Hi @ofirgo , Thanks for your comment, I only changed the code in terms of SKU-110K (not COCO).

Then I changed the code in accordance with your advise.

resource_utilization = mct.core.ResourceUtilization(resource_utilization_data.weights_memory 0.75) ↓ resource_utilization = mct.core.ResourceUtilization(resource_utilization_data.weights_memory 0.75, 3276800)

it worked. Thank you.

Could you tell me the effect when activation_memory is increased. Do the quantized model make less compression ratio or less accuracy ?

I'm glad to hear this solves the issue for you. Regardless, I'm still not sure what caused the original issue, since you say you didn't change anything from the original tutorial code but the dataset. Do you know how to explain where the restriction of "1638400" activation memory came from in your original code that had the issue? Because, if you didn't provide it, then the expected behavior should be that the activation memory size is not restricted and you shouldn't have experienced the error.

What happened when you modified the resource_utilization call is that you added a restriction on the memory of the maximal activation tensor during model inference to 3276800. This is the size of the actual maximal activation tensor (according to your previous message), so this modification didn't affect the accuracy or the memory of the quantized model.

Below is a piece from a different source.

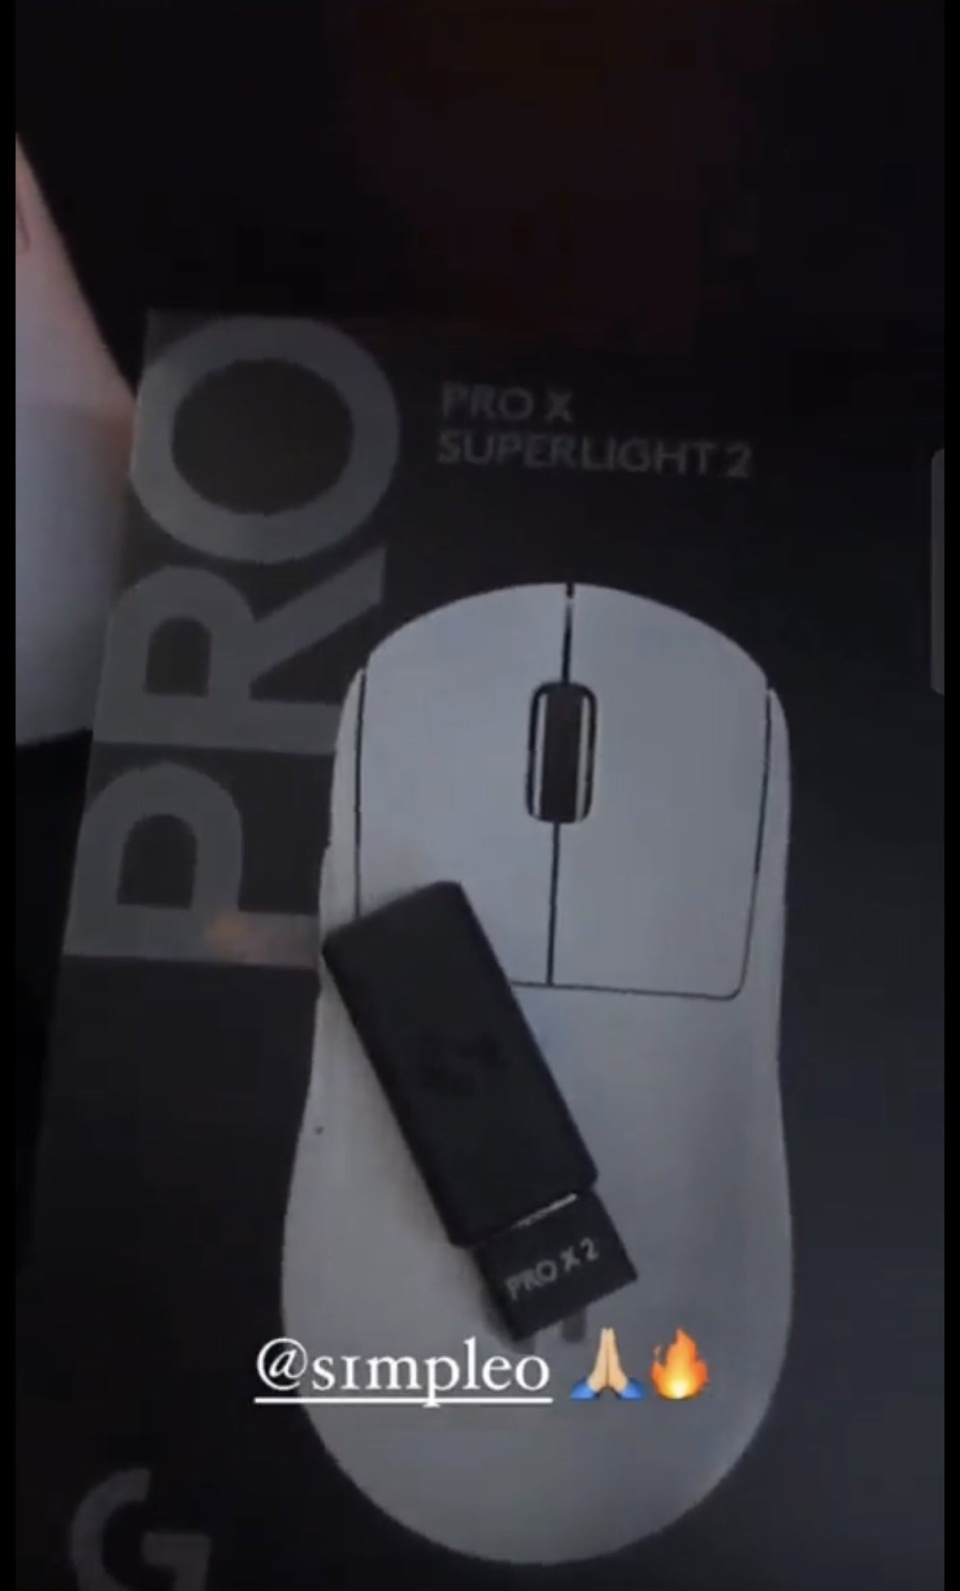 罗技G Pro X Superlight 2 无线鼠标照片曝光-腾讯新闻

I'm keeping the issue open for now. I would appreciate it if you can provide more information regarding the way you originally called MCT (that causes the issue).

Thank you for raising this issue and for your help.

YoshikiKato0220 commented 3 months ago

Hi @ofirgo I'm sorry to have troubled you. my code was wrong.

I had set resource_utilization_data not resource_utilization in keras_post_training_quantization's 3rd argment.